I didn't know what was going over me. I tried so hard to keep my cool and hide my feelings, I tried so hard to not act up the way I did, but how could I even stop something that was so strong?

"Sure. You can't play me Leo, I know there's something going on between you and Maya and honestly, I'm starting to think that it has something to do with our relationship," he replied as if he could see right through me. 

How was I supposed to tell my best friend that I liked his girlfriend? I had tried so hard to hide my feelings for her, not wanting to make things difficult with him. I tried not to seem like his relationship with Maya affected me, but it did, and it hurt more than I thought it would. 

"You like her don't you?" Alex asked in realisation, sadness written all over his face. 

When I didn't say anything he angrily shook his head, making me feel like the most horrible friend in the world. 

"I knew you would. You told me you wouldn't but I knew you would," he said, shaking his head. 

Alex had liked her for so long, noticing how close we got in summer got him truly jealous. He got so jealous that he decided to make a move on her just so I wouldn't.

"I couldn't help it Alex, just like how you couldn't," I said. "You knew that she was my friend when we were younger, I told you how close we were, and yet you still went and made your freaking move," I angrily said.

He couldn't accuse me of being selfish when he practically did the exact same thing. 

"This is not my fault Leon. Don't try to pin this on me," he replied just as angrily. "I asked you if you liked her and you said that you didn't. I would have never made a move if you had said you did." 

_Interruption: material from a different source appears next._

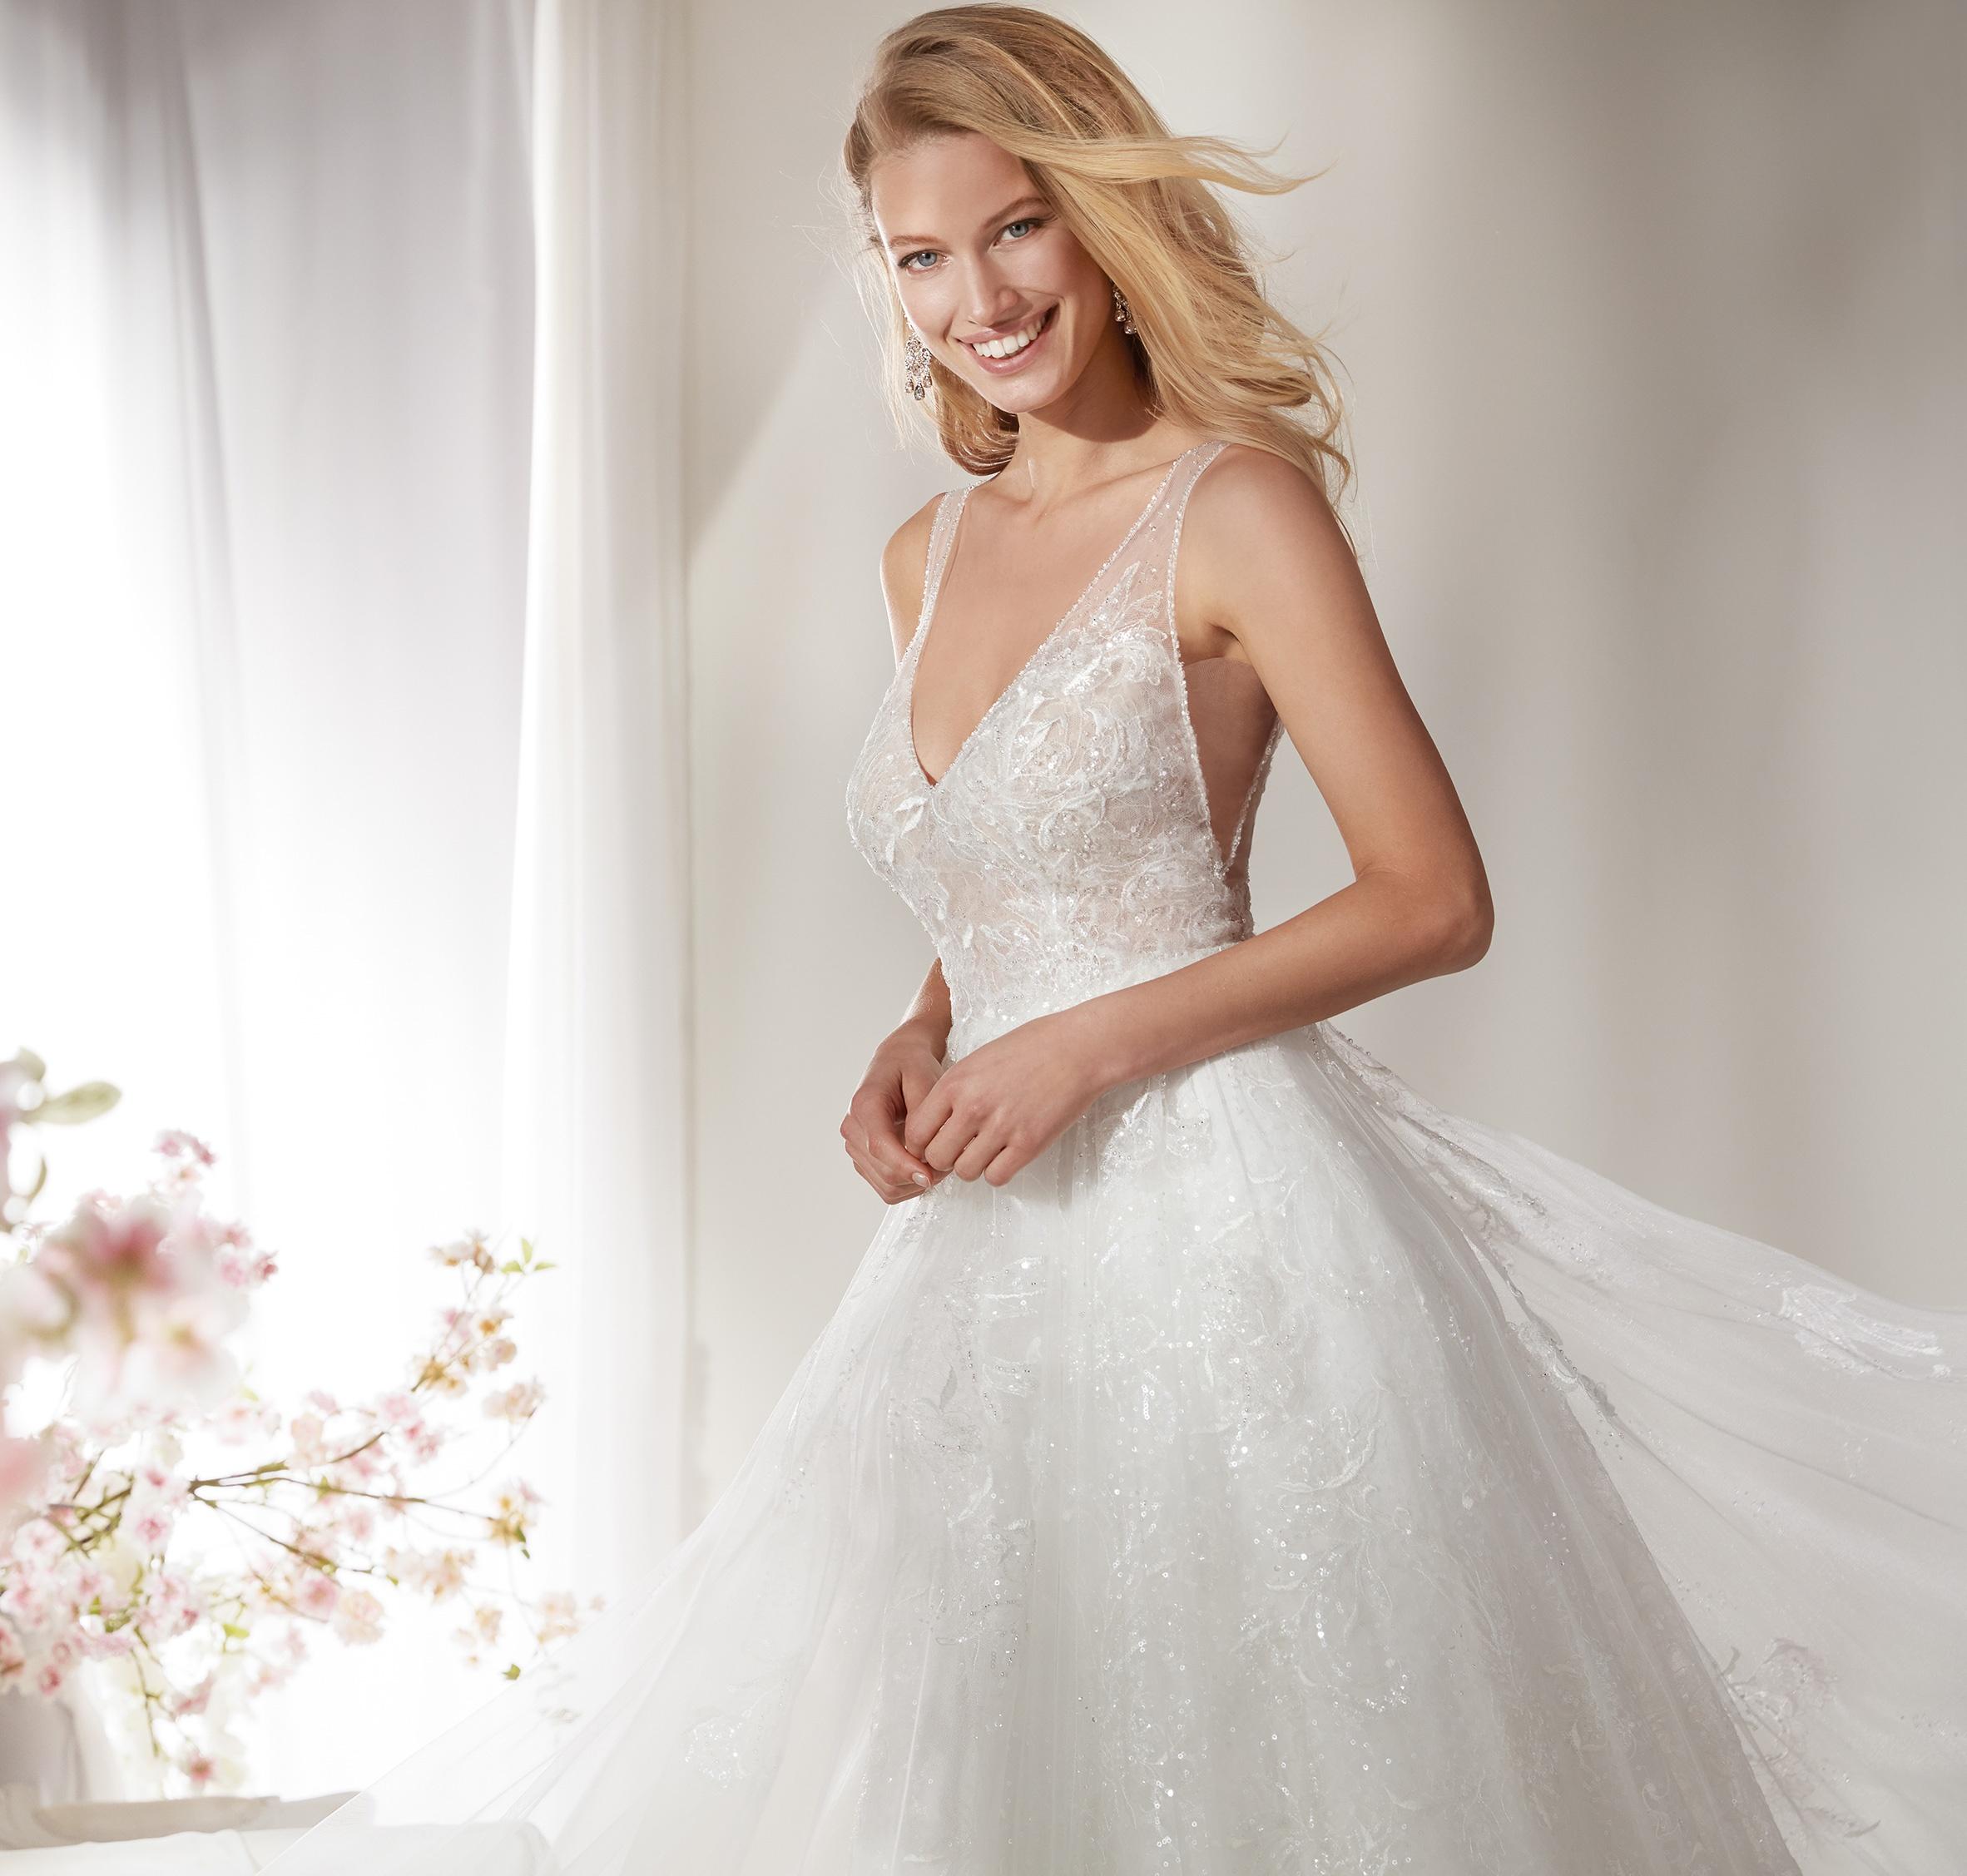 nicole-spose-COAB19258-Colet-moda-sposa-2019-185.jpg

I looked down in shame. He was right. Alex would have never tried to do anything to ruin our friendship, especially not over a girl. He was not that kind of person, and neither was I. The fact that my feelings made me think irrationally angered me. I was on the verge of losing the two most important people in my life, and it was all because I couldn't think straight when I was around Maya. I couldn't think straight when I saw her with my best friend, and I hated to think that I wished I was him. That I wished she was with me. 

But I didn't lie. At the time I didn't like Maya. She was just one of my closest friends. After summer ended, however, I started seeing her differently. When she started getting closer to Alex, the jealousy was overwhelming. 

"You're right, I'm sorry bro." I said.  

"You're hurting her, you know," he said, looking me dead in the eye.

I felt bad knowing that because of my actions, I was hurting one of the most important people in my life. Maya was always there for me when I needed her, she was the bestest friend that anyone could ever ask for. When she was finally on the verge of being happy with Alex, I went ahead and ruined all of it for her. If I didn't keep my distance, however, my feelings for Maya would never die out.

"I know, and you think I'm not hurting too? But Alex, I have to make these feelings go away somehow, and the closer I am to her, the more impossible it is. I can't have feelings for someone else's girlfriend, especially not yours. I can't do that to you."